XCP-ng
    • Categories
    • Recent
    • Tags
    • Popular
    • Users
    • Groups
    • Register
    • Login

    Upgrade 8.2.1 -> 8.3 failed (manually fixed)

    Scheduled Pinned Locked Moved XCP-ng
    3 Posts 2 Posters 64 Views 2 Watching
    Loading More Posts
    • Oldest to Newest
    • Newest to Oldest
    • Most Votes
    Reply
    • Reply as topic
    Log in to reply
    This topic has been deleted. Only users with topic management privileges can see it.
    • C Offline
      cg
      last edited by

      After upgrading my first server successfully, I upgraded another one recently (different environments, no pool), but it failed.

      I remembered from the forum to check installer logs, so I copied the whole directory (in case it contains useful info) and switched to another console (ALT+F3?) to see where it failed.
      I don't know if it's documented somewhere, but following that console is pretty informative, rather then just seeing a progress bar.
      Older windows types didn't hide what the installer is doing. It's a bit sad XCP-ng "hides" that.

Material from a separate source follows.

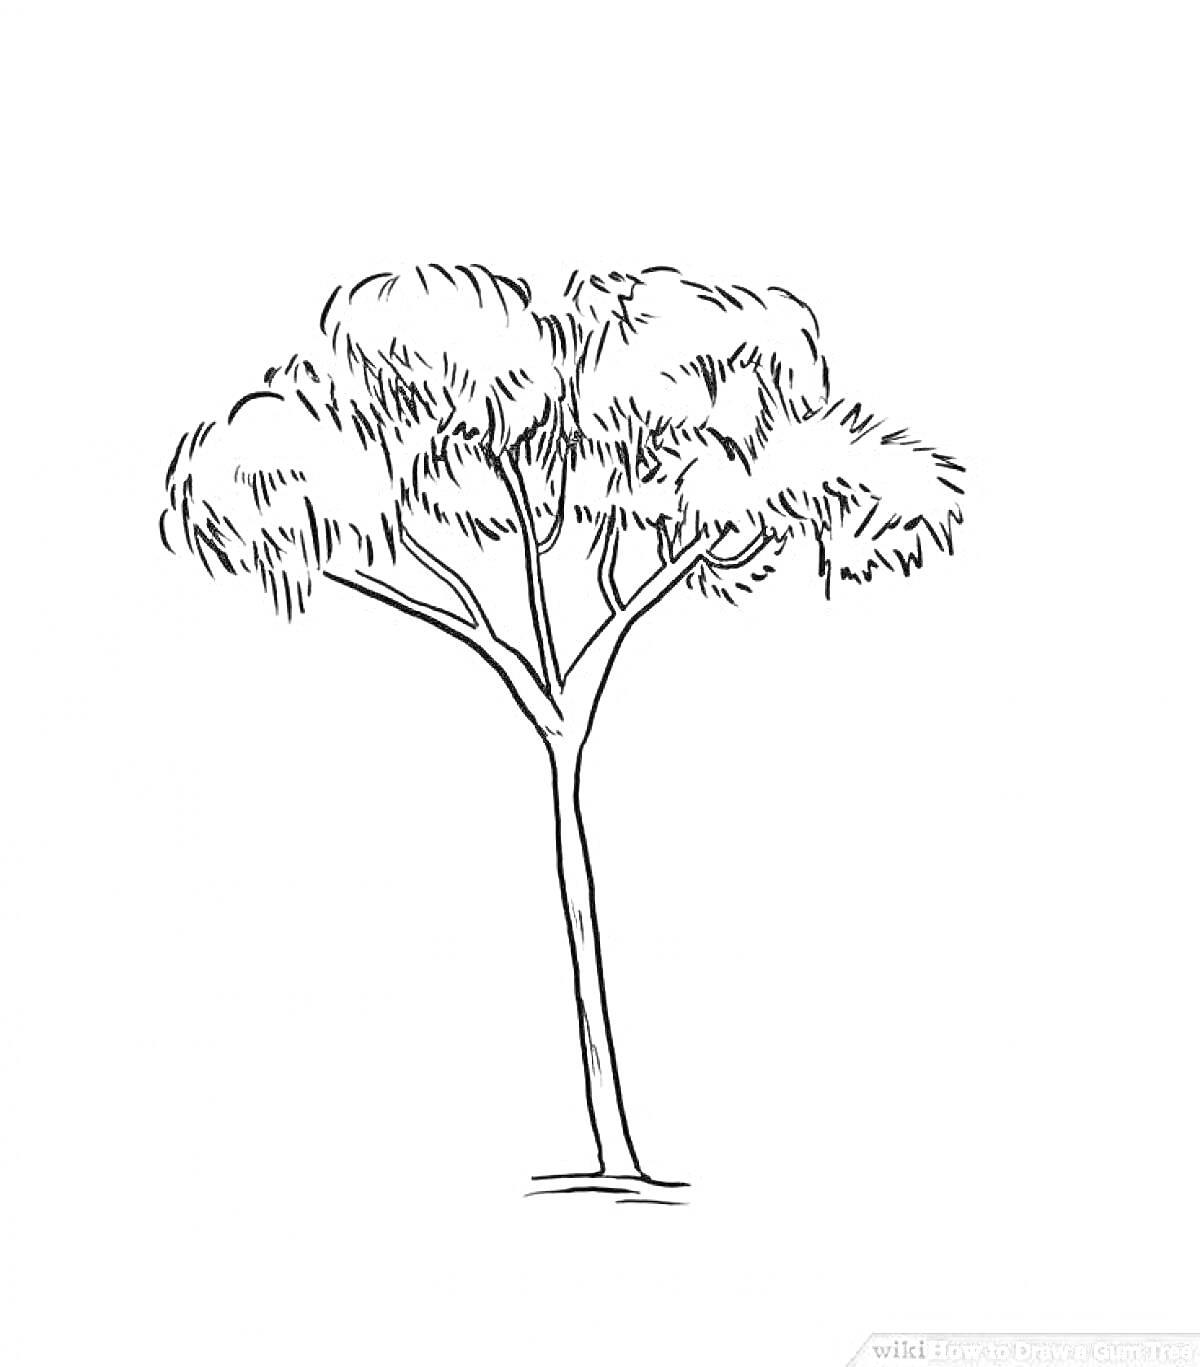 Эвкалипт: одиночное дерево с густой кроной и длинным стволом

      tl;dr: The problem seemed to be:
      STANDARD ERROR:

      cp: error reading '/tmp/primary-jqbXmQ/usr/lib64/python2.7/lib-dynload/_codecs_hk.so': Input/output error
      cp: failed to extend '/tmp/backup-TbutMQ/usr/lib64/python2.7/lib-dynload/_codecs_hk.so': Input/output error
      

      As it was during backup phase, nothing was broken and I could just retry... to end up with the same problem.
      As it looks like some hongkong locales, I just removed the file and tried again: with success.
      Backup ran through, install/upgrade went fine. Box is running since.

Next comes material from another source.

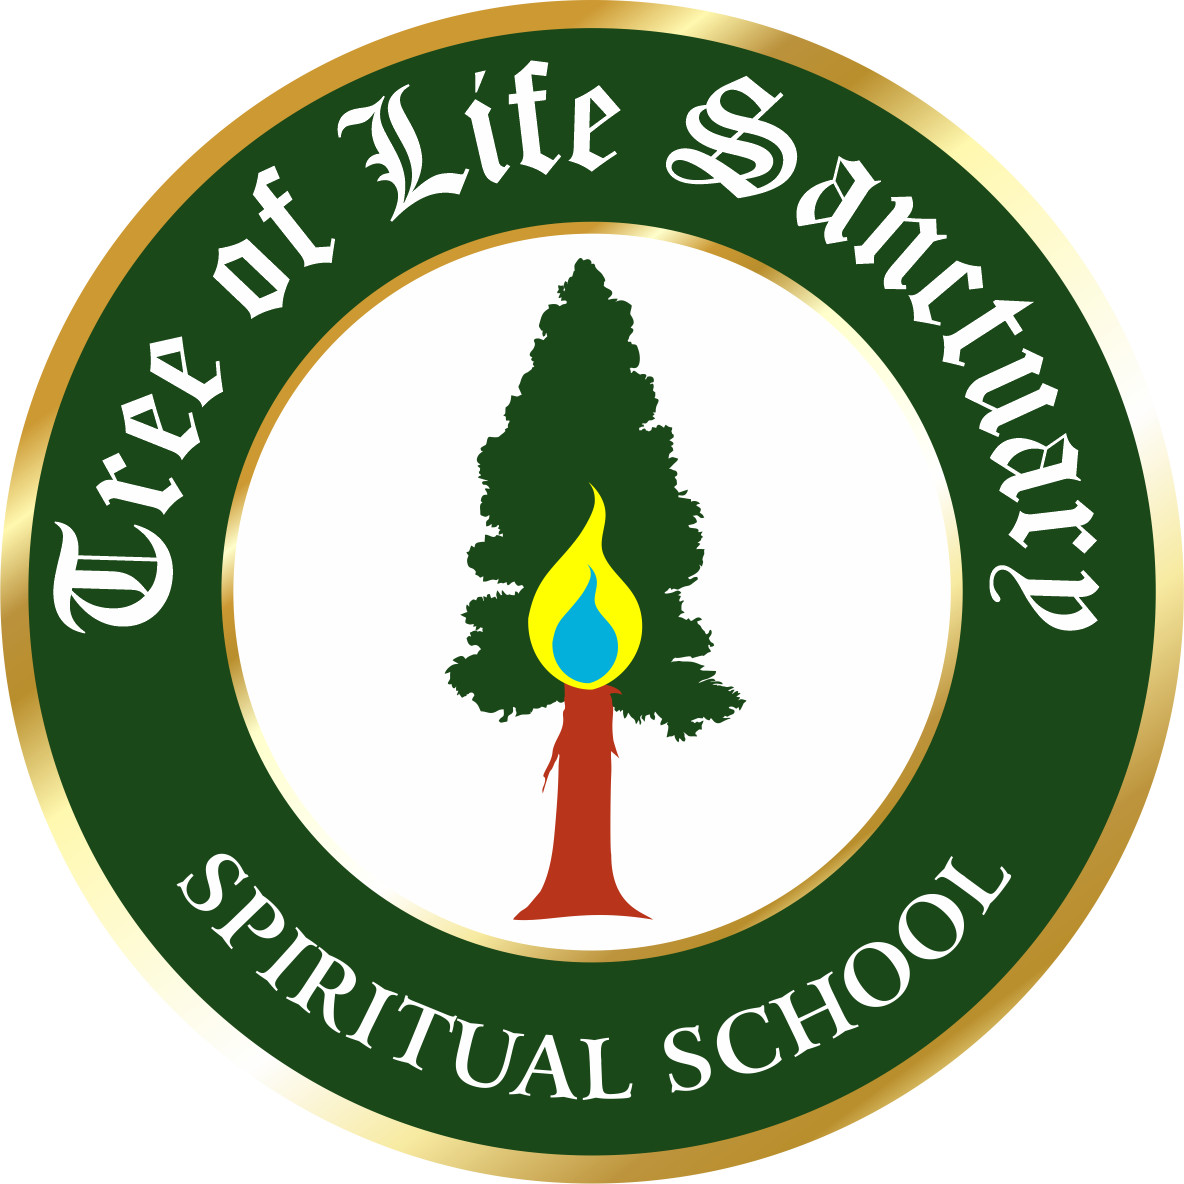 Tree of Life Sanctuary

      I didn't back the file up, but with "ls" it looked fine like everything else. Also nobody ever touched that file. I can't say why, but wanted to drop it here, for archival purposes. Maybe someone else stumbles over a close or similar problem.

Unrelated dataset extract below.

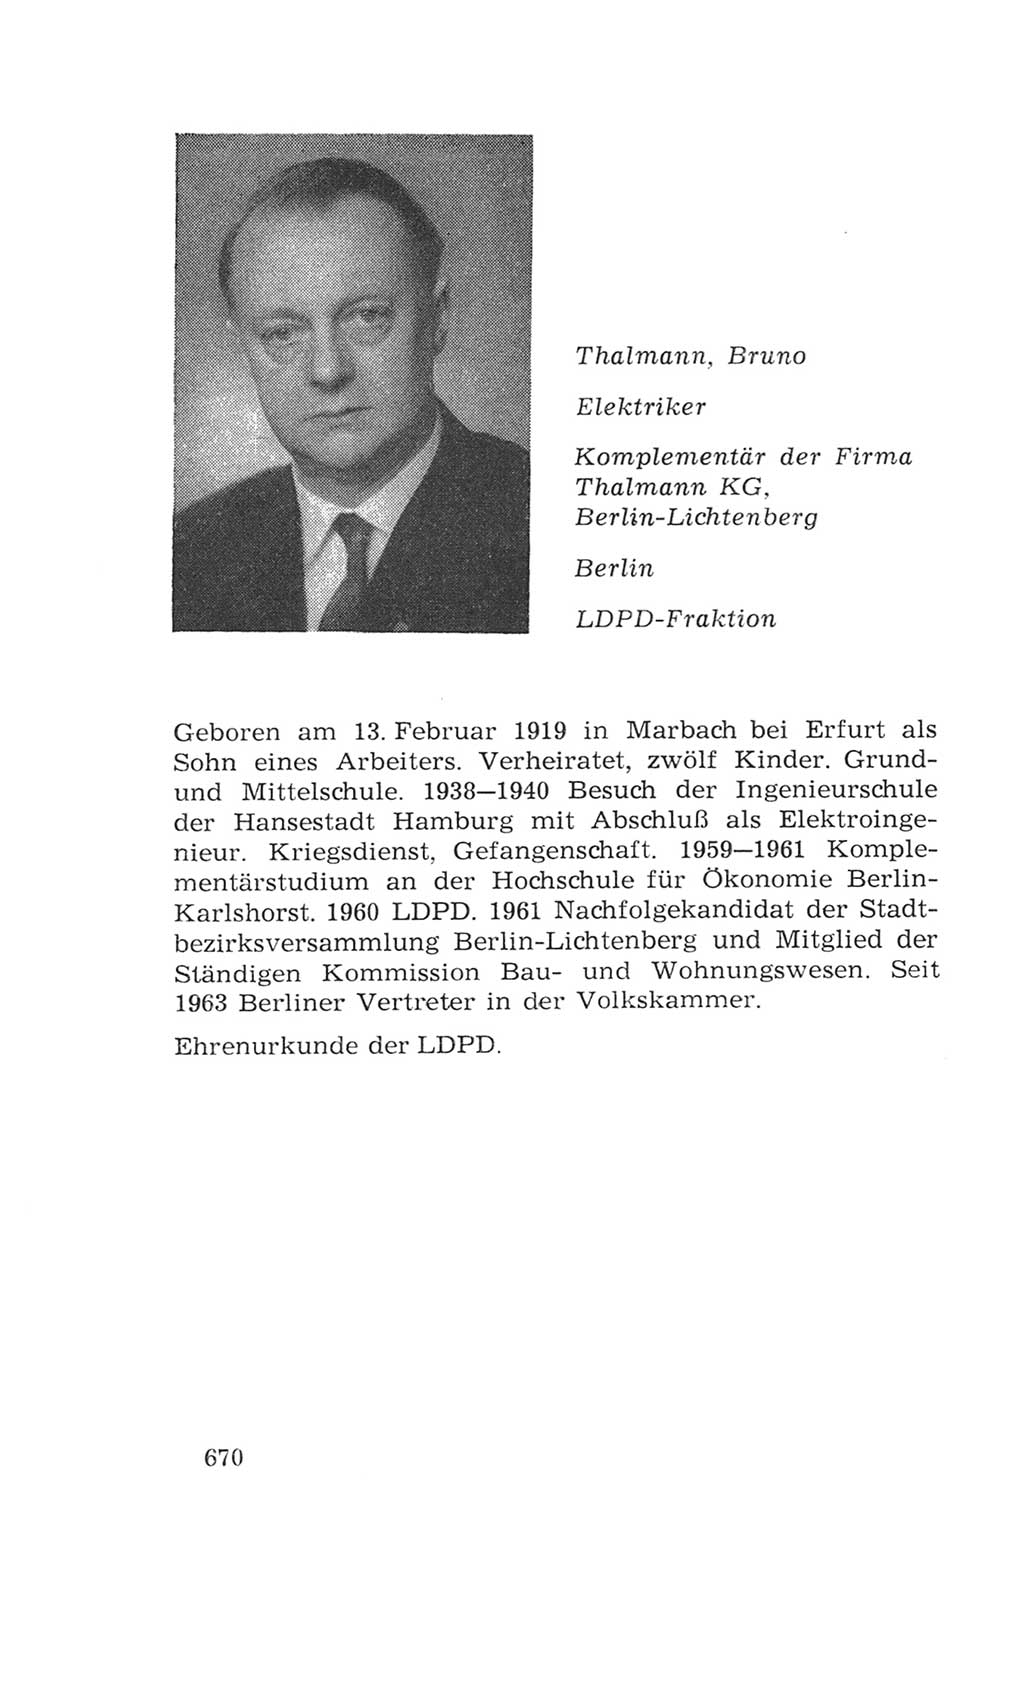 Volkskammer (VK) der Deutschen Demokratischen Republik (DDR), 4. Wahlperiode 1963-1967, Seite 670 (VK. DDR 4. WP. 1963-1967, S. 670)

      As the logs and other terminal give quite some information about current actions, debugging was somehow fun and it was interesting to dig a bit into what the installer is actually doing. Big pro over Microsoft... which often is a big pain to debug.

      If you want the whole installlog-dir: I still have it, but will delete the next days, if not.

      Greetings

      • Christof
      1 Reply Last reply Reply Quote 0
      • bleaderB Offline
        bleader Vates 🪐 XCP-ng Team
        last edited by

        When you say retry, did you completely restart the installation process, or did you just go back to the installer screen and retry the step that does the backup?

        If you retried the step, you should still have all the logs of the installer on the updated host in /var/log/installer/ in that case, I would suggest checking the dmesg-log, that sounds like a disk error to me.

        Having removed the file would not impact the newly upgraded host in anyway, it just means you lack that file in the backup, so that could have an impact in case you were to restore, which I hope you won't need.

        Other than that, I would encourage you to check your disk health as this could be a sign of hardware error.

        C 1 Reply Last reply Reply Quote 1
        • C Offline
          cg @bleader
          last edited by

          @bleader

          IIRC I just "tried again".
          It failed 2 times, then I looked up the logs from other console, removed the file (which shouldn't be of any importance for our instance) and retried without reboot.

          I copied the whole installer-log to the usb stick before finshing the install. 🙂
          (Could actually be a good hint or even a menu-option for those, where the install fails and won't leave it on the harddrive - e.g. evaluating hardware)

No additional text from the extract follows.